Source records
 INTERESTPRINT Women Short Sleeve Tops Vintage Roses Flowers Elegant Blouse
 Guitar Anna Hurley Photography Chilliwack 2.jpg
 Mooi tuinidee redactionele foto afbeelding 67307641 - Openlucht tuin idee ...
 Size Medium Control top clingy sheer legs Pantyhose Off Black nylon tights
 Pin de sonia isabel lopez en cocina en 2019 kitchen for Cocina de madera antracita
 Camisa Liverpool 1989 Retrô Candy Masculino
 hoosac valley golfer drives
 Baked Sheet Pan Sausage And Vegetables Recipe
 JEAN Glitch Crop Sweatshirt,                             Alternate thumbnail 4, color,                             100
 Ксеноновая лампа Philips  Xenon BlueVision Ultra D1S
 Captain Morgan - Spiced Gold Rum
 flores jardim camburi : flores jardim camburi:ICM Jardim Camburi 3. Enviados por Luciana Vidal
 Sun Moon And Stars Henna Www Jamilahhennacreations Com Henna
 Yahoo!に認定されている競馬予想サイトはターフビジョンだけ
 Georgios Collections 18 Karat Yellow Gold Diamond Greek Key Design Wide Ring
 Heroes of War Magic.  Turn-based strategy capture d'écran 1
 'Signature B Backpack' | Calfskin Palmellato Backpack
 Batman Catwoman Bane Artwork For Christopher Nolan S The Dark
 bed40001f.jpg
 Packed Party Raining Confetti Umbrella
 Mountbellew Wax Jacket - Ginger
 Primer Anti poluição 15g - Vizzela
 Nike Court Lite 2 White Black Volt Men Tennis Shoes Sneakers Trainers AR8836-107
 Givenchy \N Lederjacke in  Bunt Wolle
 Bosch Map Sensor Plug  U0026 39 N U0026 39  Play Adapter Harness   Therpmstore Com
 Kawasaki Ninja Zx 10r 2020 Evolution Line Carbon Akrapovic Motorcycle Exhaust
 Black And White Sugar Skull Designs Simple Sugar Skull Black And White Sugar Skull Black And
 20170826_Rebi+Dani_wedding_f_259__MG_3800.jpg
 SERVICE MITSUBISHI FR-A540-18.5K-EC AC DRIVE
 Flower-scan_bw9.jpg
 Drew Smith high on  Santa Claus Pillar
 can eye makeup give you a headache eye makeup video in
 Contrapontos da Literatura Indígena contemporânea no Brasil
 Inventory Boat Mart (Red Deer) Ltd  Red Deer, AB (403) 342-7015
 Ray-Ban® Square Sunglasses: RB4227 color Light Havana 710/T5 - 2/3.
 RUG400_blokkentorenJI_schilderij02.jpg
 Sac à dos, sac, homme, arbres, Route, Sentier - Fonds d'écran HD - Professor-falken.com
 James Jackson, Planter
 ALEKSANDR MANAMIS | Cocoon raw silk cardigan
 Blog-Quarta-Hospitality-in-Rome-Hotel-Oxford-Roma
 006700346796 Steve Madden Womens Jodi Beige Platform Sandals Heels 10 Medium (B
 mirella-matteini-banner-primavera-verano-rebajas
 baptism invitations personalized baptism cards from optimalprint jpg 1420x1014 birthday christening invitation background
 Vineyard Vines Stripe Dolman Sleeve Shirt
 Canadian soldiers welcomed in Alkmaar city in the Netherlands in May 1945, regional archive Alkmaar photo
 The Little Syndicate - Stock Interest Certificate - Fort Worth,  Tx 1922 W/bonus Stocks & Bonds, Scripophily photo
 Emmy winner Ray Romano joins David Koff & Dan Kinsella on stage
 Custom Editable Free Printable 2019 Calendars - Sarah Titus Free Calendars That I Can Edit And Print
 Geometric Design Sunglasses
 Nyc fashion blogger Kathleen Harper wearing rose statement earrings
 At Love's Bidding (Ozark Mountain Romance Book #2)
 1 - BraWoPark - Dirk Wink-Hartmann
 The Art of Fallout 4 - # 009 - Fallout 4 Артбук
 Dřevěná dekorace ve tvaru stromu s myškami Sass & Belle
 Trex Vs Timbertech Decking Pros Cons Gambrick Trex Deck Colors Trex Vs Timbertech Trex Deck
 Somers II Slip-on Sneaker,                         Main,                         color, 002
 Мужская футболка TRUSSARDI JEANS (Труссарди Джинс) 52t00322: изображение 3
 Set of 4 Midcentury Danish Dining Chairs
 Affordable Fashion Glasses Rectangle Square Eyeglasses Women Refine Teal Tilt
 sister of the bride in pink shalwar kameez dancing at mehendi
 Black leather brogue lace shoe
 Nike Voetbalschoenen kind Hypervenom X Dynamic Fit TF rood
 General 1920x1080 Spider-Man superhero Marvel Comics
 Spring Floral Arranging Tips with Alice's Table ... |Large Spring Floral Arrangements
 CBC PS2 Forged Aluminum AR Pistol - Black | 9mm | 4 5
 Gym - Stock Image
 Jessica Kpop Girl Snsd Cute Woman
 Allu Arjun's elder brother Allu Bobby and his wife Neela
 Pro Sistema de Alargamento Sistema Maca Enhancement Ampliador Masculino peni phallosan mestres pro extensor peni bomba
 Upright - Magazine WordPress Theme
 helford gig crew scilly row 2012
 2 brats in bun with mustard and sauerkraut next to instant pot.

**What is required**
An exact copy of the data is needed, running from its first line through the line that holds "Baked Sheet Pan", and nothing beyond that.

**Result for this task**
 INTERESTPRINT Women Short Sleeve Tops Vintage Roses Flowers Elegant Blouse
 Guitar Anna Hurley Photography Chilliwack 2.jpg
 Mooi tuinidee redactionele foto afbeelding 67307641 - Openlucht tuin idee ...
 Size Medium Control top clingy sheer legs Pantyhose Off Black nylon tights
 Pin de sonia isabel lopez en cocina en 2019 kitchen for Cocina de madera antracita
 Camisa Liverpool 1989 Retrô Candy Masculino
 hoosac valley golfer drives
 Baked Sheet Pan Sausage And Vegetables Recipe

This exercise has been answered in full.